What the large number means
A healthFactor of 1.16e+59 is not an error. For wallets with no active borrow position, Aave returns the maximum uint256 value divided by 1e18, which represents infinite health. A value below 1.0 indicates liquidation risk.
getUserAccountData returns a struct. evmquery exposes struct fields via dot notation, so you can read totalCollateralBase, totalDebtBase, or any other field from the same call. One expression, one round-trip.
Wiring into a CodeAgent
With the tool defined, assembling an agent takes four lines:
from smolagents import CodeAgent, LiteLLMModel
model = LiteLLMModel(model_id="anthropic/claude-sonnet-4-6")
agent = CodeAgent(
tools=[EvmQueryTool()],
model=model,
system_prompt=(
"You are a blockchain data assistant. When users ask about token balances, "
"DeFi positions, oracle prices, or any current contract state, call "

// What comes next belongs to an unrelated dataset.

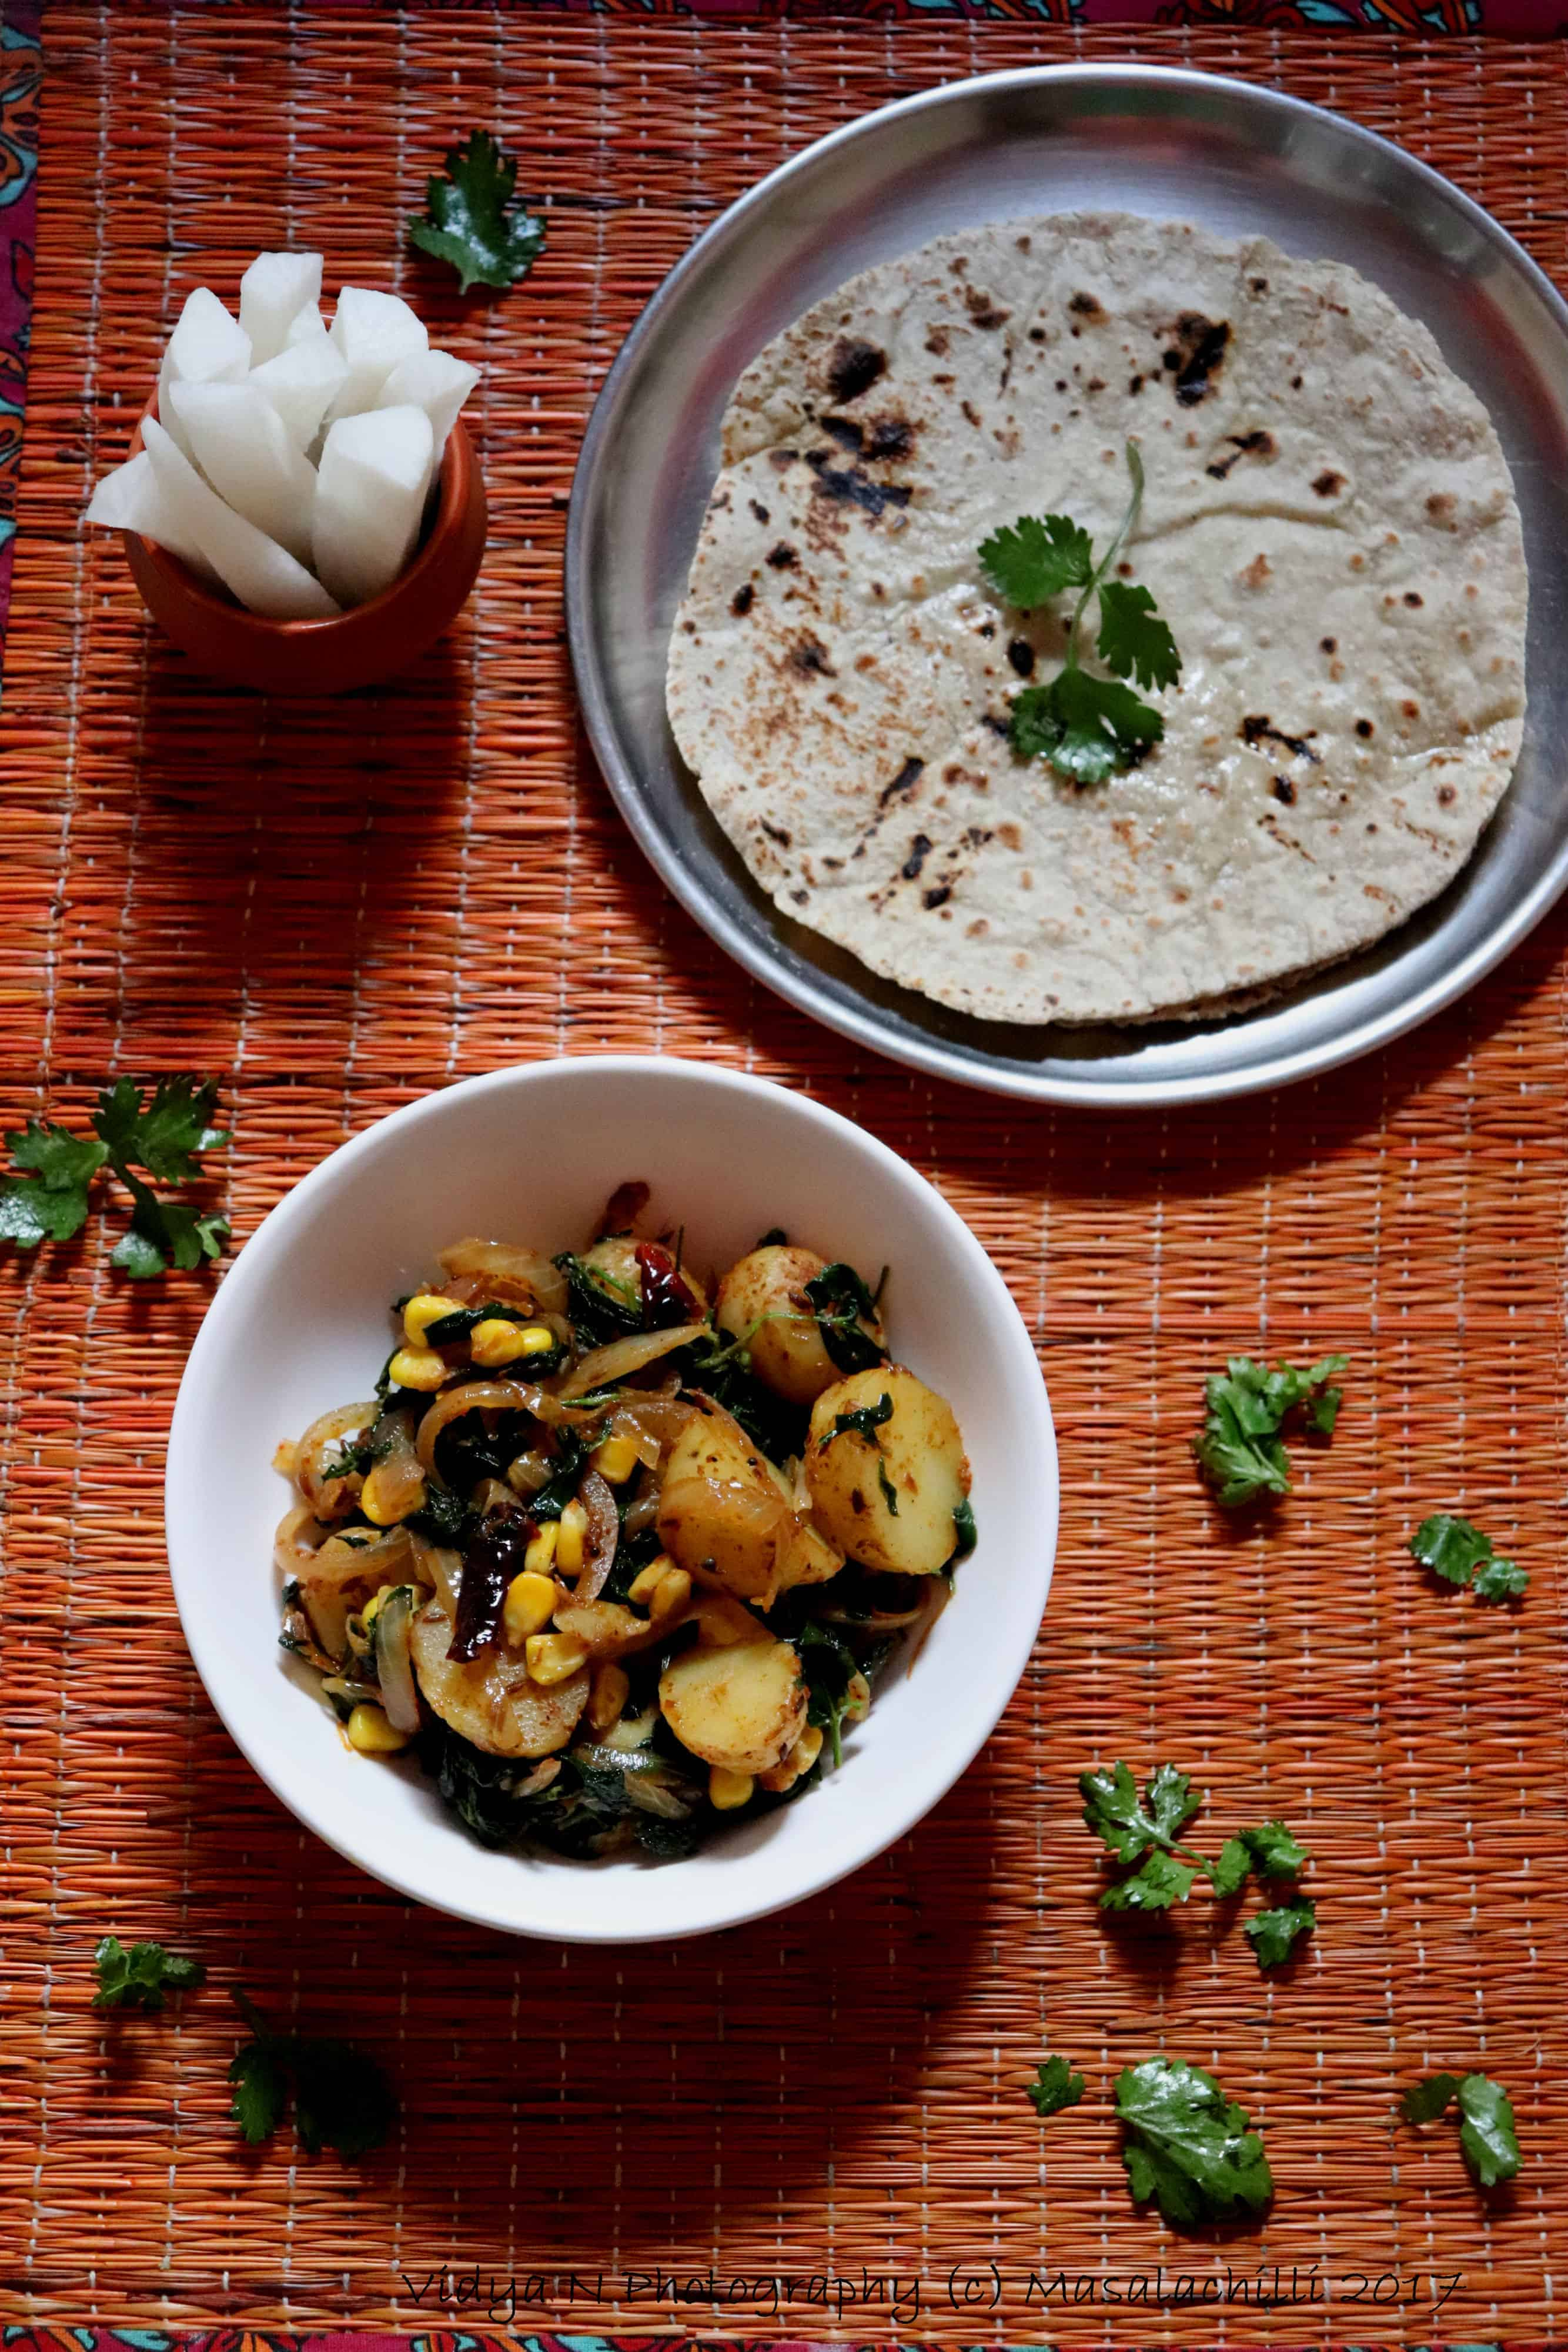 Winter Special Platter – Aloo Corn Methi with Whole Wheat Bajra Rotis and Raddish

"evmquery_read to fetch live data before answering. Always include the "
"block number in your reply so the user knows the result is current."
),
)
Invoke it with a natural language prompt:
response = agent.run(
"What is the USDC balance of 0xd8dA6BF26964aF9D7eEd9e03E53415D37aA96045 on Ethereum?"
)
print(response)
# The wallet holds 120,133.63 USDC as of block 25,033,475.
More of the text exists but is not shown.